Leave the pictures out, and transcribe the material below exactly from the line with "Philippe Hugonnard 'Shanghai'" to the line with "Q1062683 - CMC8", both lines included.
-- Exercise input follows --
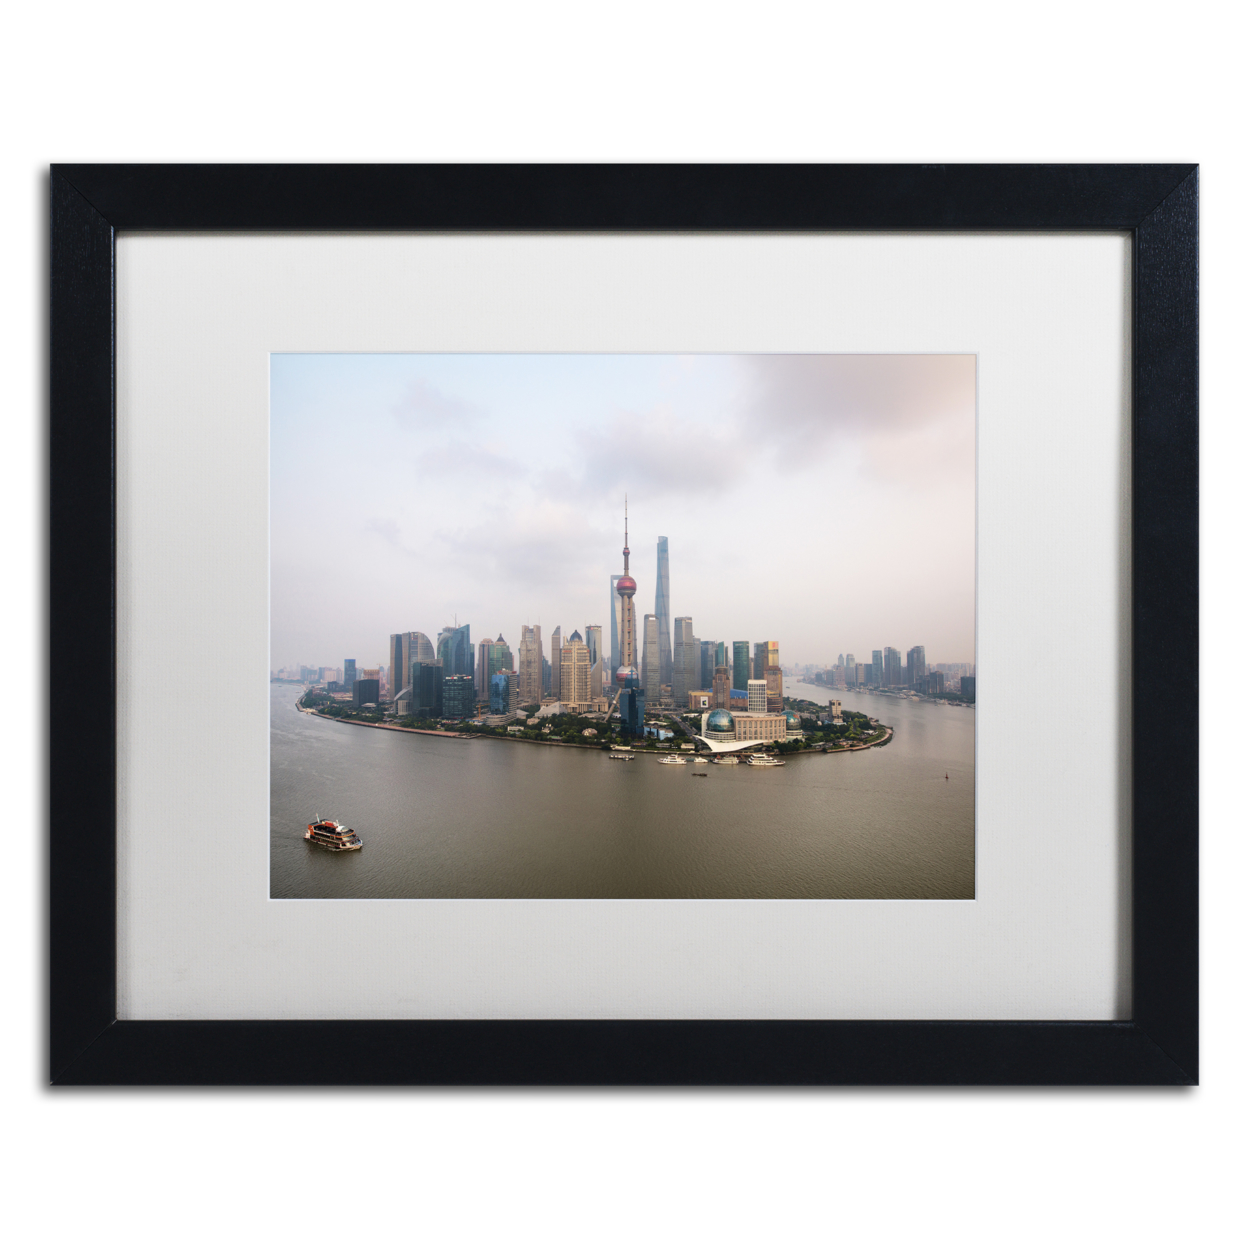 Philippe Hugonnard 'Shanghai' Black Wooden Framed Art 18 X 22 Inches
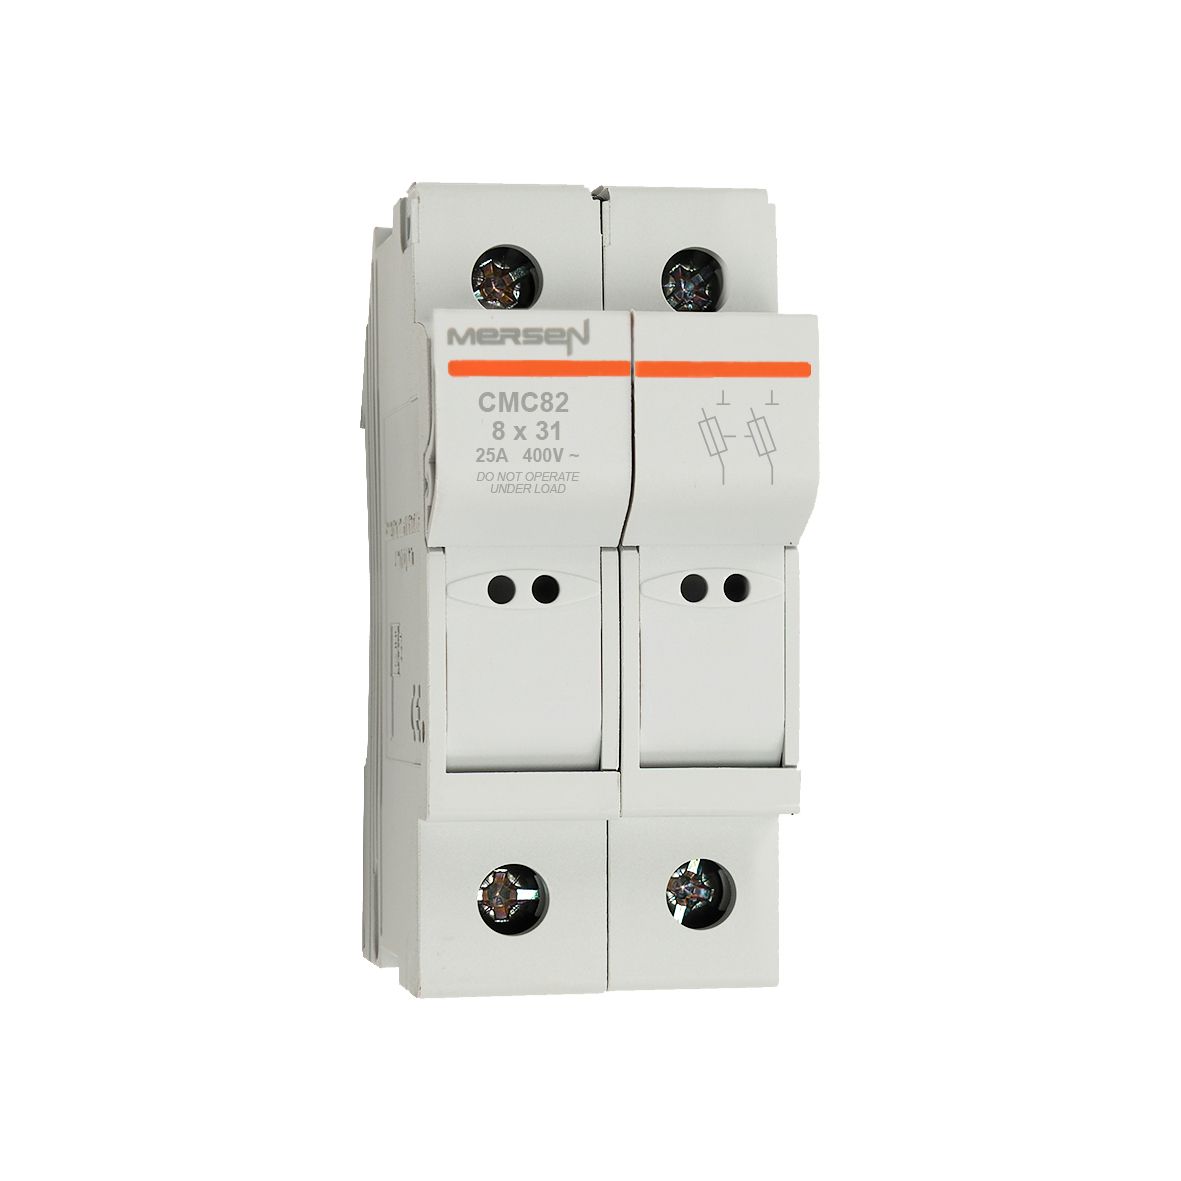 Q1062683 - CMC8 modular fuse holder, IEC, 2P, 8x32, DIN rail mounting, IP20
-- Exercise input concluded --
-- Exercise input follows --
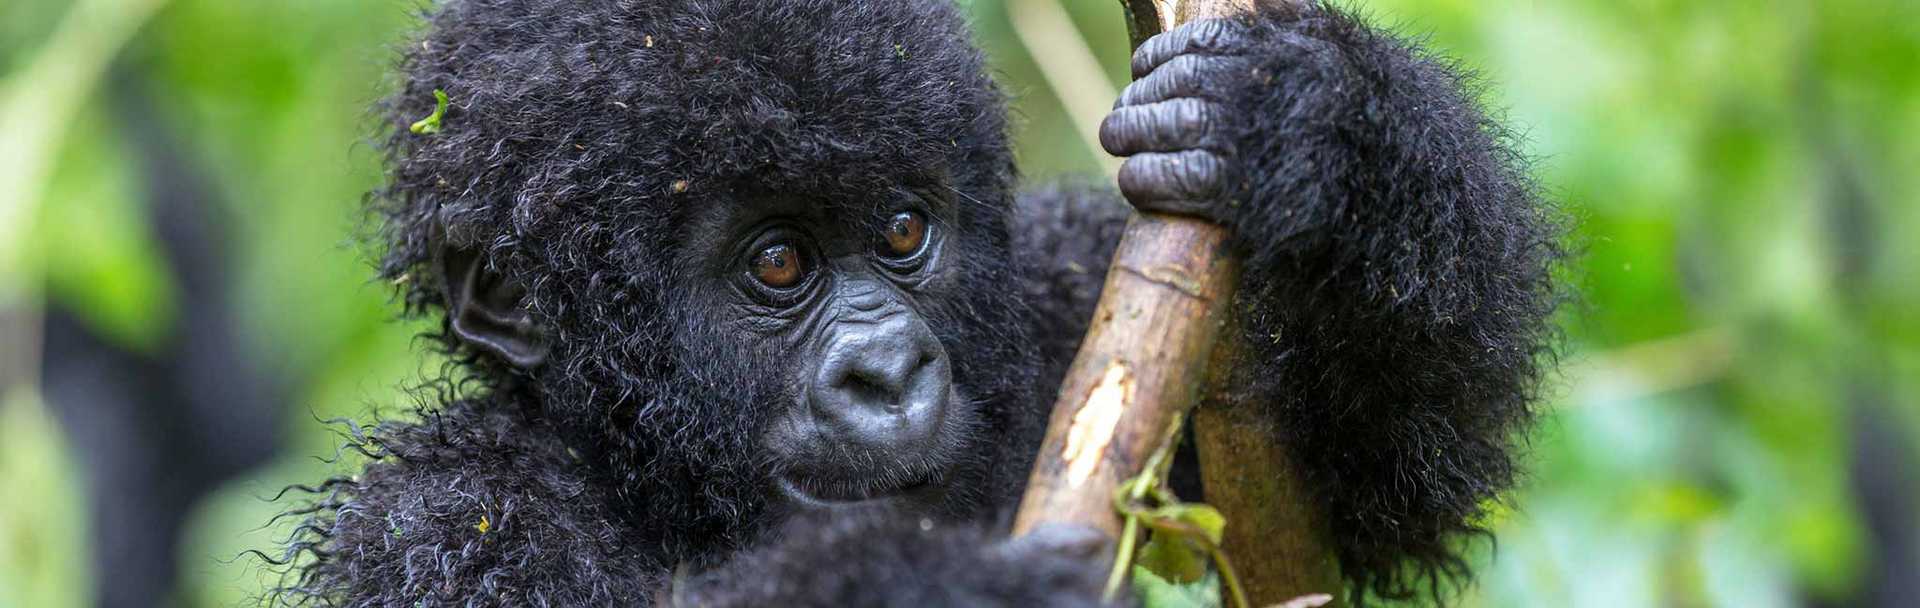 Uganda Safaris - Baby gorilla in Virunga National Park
-- Exercise input concluded --
-- Exercise solution --
 Philippe Hugonnard 'Shanghai' Black Wooden Framed Art 18 X 22 Inches
 Q1062683 - CMC8 modular fuse holder, IEC, 2P, 8x32, DIN rail mounting, IP20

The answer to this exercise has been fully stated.